Validation the prognostic ability of the 8-lncRNA signature in the validation cohort
In order to confirm the power of the 8-lncRNA signature in predicting the OS of TNBC patients without gBRCAm, we validated our results in the entire cohort. By utilizing the same classification method, patients were classified into a high-risk group (N = 49) and a low risk group (N = 49). Consistent with previous findings, patients in the high-risk group revealed significantly worse OS compared to the low-risk group (P =0.0068, Figure 2B). And for 1, 5, 8 years survival times, the AUC of the 8-lncRNA signature in the entire cohort were 0.785, 0.790 and 0.892 respectively (Figure 3B). It indicated that the prognostic ability 8-lncRNA signature is highly sensitive and specific, and also time-dependent.

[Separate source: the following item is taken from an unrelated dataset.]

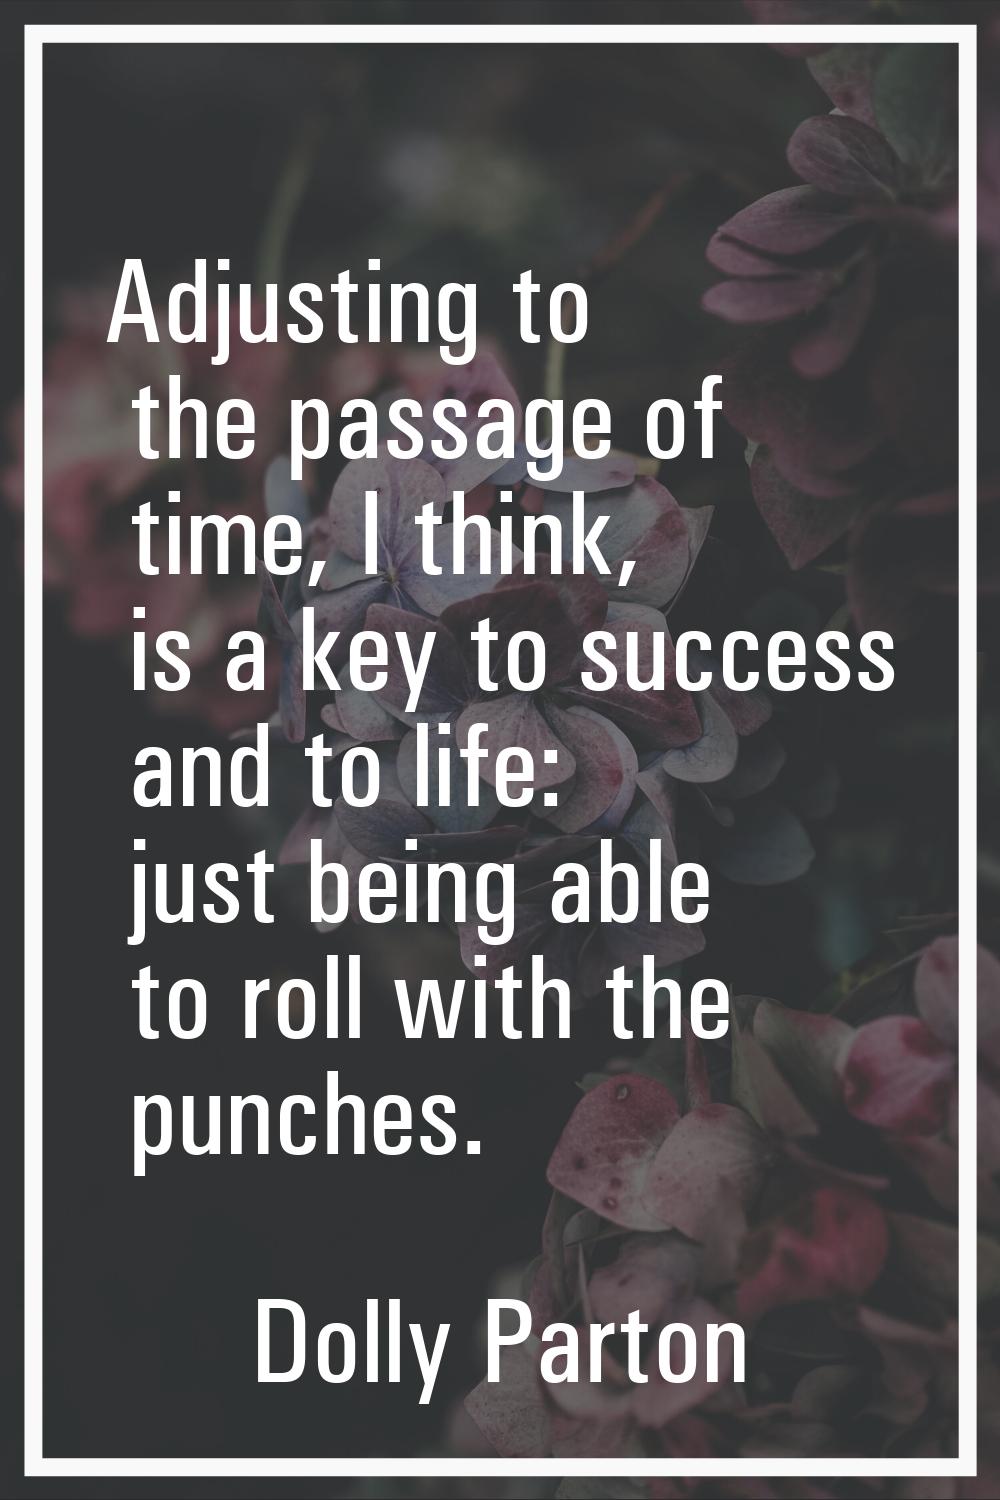 Adjusting to the passage of time, I think, is a key to success and to life: just being able to roll

Functional enrichment analysis of lncRNA-related mRNAs
Based on the mRNA expression data from the TCGA database, 531 mRNAs were found to be closely related 8-lncRNA signature using the Pearson correlation with |COR|> 0.3 and P< 0.05 as the cutoff (Supplementary Table S2). The top ten related mRNA were CALML6, BRICD5, ADCK5, C10orf143, GLI4, FBXL6, KIFC2, CDCP2, CCDC154, TSTA3 with COR＞0.46.The functions of those mRNAs were analysis in the Metascape. The top 20 clusters of significantly enriched terms are shown in Figure 4. The most significant term was GO:0034660 (ncRNA metabolic process), which included 26 genes: CDK9, BRF1, POLR2J, SNAPC4, RRP1, CPSF4, RRS1, BOP1, PTCD1, CPSF1, SIRT7, SRRT, YBEY, EXOSC4, DDX4, DDX56, INTS11, OSGEP, DUS1L, TUT1, MRM1, ELL3, PUS1, CTU1, TRMT61A, TYW3.The top five GO biological process included ncRNA metabolic process, mRNA 3'-end processing, snRNA metabolic process, regulation of DNA repair, oxidoreduction coenzyme metabolic process. The KEGG analysis revealed that these genes mainly involved in mRNA surveillance pathway, Sulfur relay system, Phototransduction, ABC transporters.More details about the enriched terms and genes were shown in Supplementary TableS3.
Overexpression of lncRNAs TONSL-AS1 and HAGLROS in triple-negative breast cancers without gBRCAm and its clinical significance
To gain general insights on the clinical association of lncRNAs TONSL-AS1 and HAGLROS in triple-negative breast cancers without gBRCAm, qPCR was used to determine the expression level of these lncRNAs in 30 breast cancer samples and their paired adjacent non-tumorous tissues. The results showed that overexpression of lncRNAs TONSL-AS1 and HAGLROS (defined as a greater than 10-fold increase in tumor tissue) were observed in 10/30 (33.3% for lncRNA TONSL-AS1) and 16/30 (53.3% for lncRNA HAGLROS) of the primary breast tumors (Figure 5; P<0.0001).
Clinicopathological association analysis found that overexpression oflncRNAs TONSL-AS1 (Table4) and HAGLROS (Table 5)were significantly associated with patient prognosis, tumor grade and invasion.